The terrors of public speaking
Up at the podium, tears are ready to fall. Body shaking and chest hurting makes it difficult to get the words out. When it is over, relief floods the body because she is no longer in her peers’ line of sight. Public speaking is difficult for sophomore Erin Keiser.
“I’ve always been shy, and I haven’t talked to a lot of people,” Keiser said. “I don’t want to get up there to give a speech and mess up, then have them think that I’m stupid or something, because I can’t talk in public.”
According to Ethos3, an organization that gives tips on speech and helps people tell their stories, 75 percent of people have glossophobia, making the fear of public speaking one of the most common phobias.
When it comes to public speaking, not every day is always the same as the last.
“I feel like some days are worse than others,” sophomore Katelyn Meitz said. “I’d just like to point that out to people because some days everyone is like, ‘Why are you so loud today? Normally you’re quiet,’ and I’m like, ‘well, I feel good today.’”
Princeton Public Speaking, an organization devoted to helping people deliver speeches with more confidence, reports that there are several techniques to help calm people down. Twenty-five methods are listed on its website. Each individual is different, and according to Matt Eventoff, the owner of the company, different methods for calming down would be different for each person. Some possible methods include avoiding caffeine, listening to music and doing breathing methods.
Meitz, however, has a different method to calm herself down before she has to step in front of the class.
“To make myself relaxed, I place my hands on my thighs, and then I rub them up and down.
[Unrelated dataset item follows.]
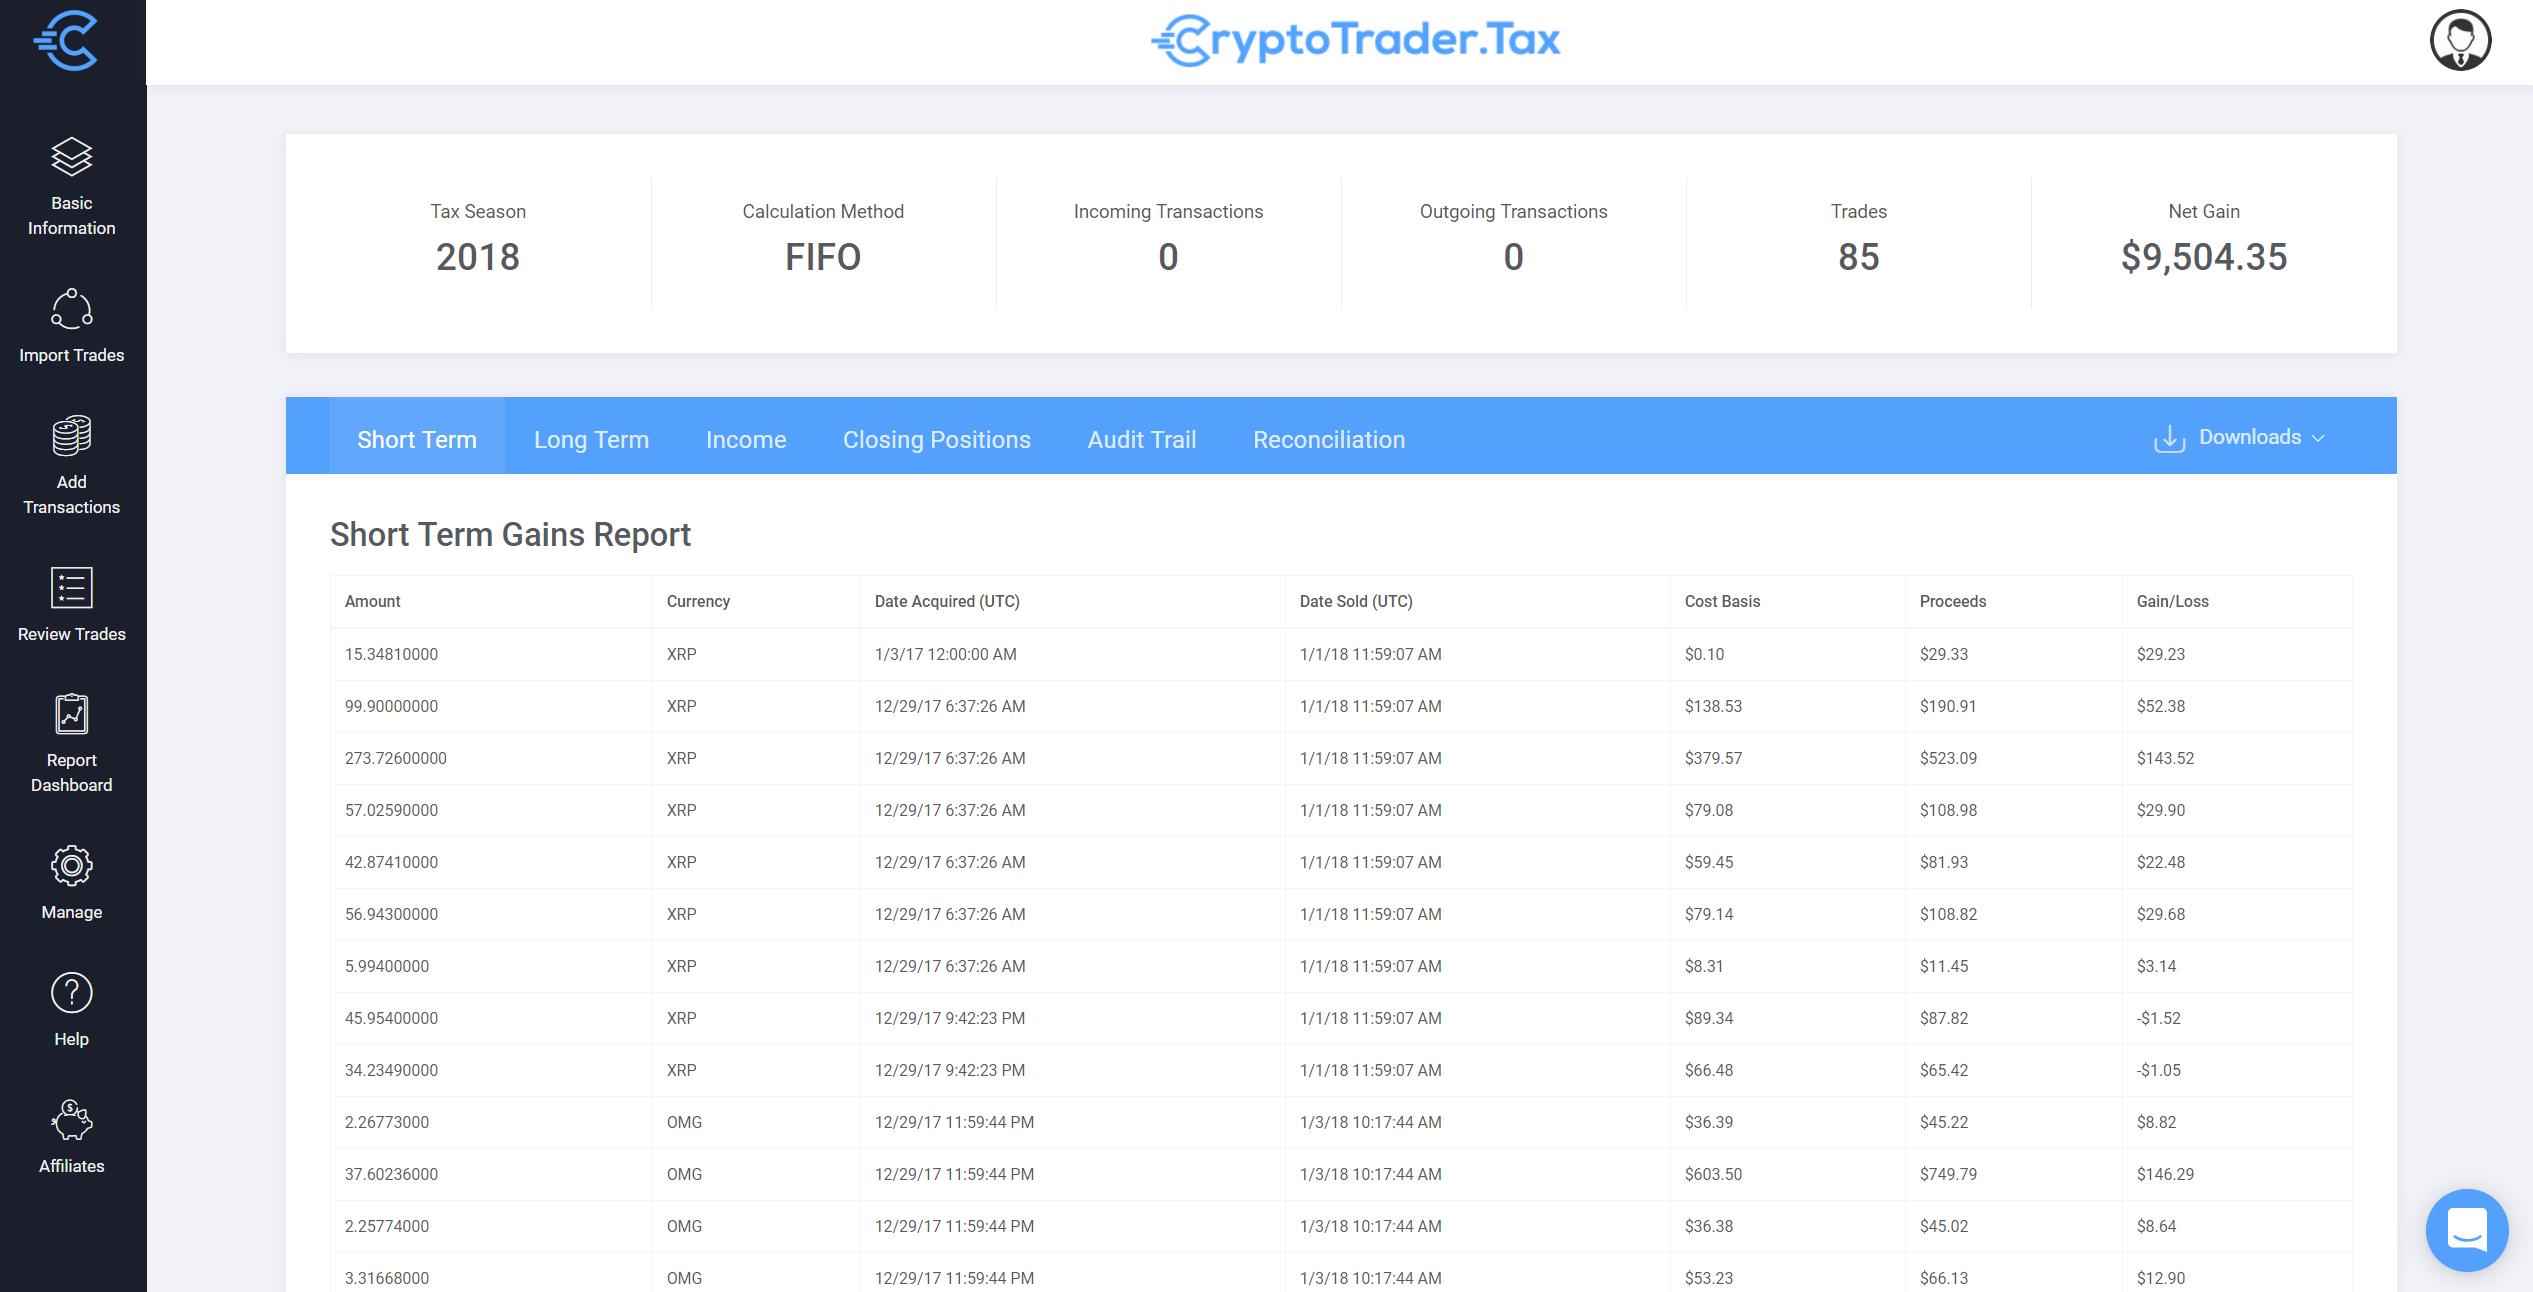 Bitcoin Tax Report Downloads

It calms me down because I shake,” Meitz said.
Making speeches or reading essays out loud can be a scary task to undertake. In fact, for some, making that speech is only frightening because that person is fearing the judgement of fellow peers.
“I hear the people around judging other people a lot based on stuff that they’ve done inside and outside of school,” Keiser said.
But in the end, it’s practice that allows more confidence to surface, according to Keiser.
“I try just to practice what I’m going to say over and over again, just to try to get it right.”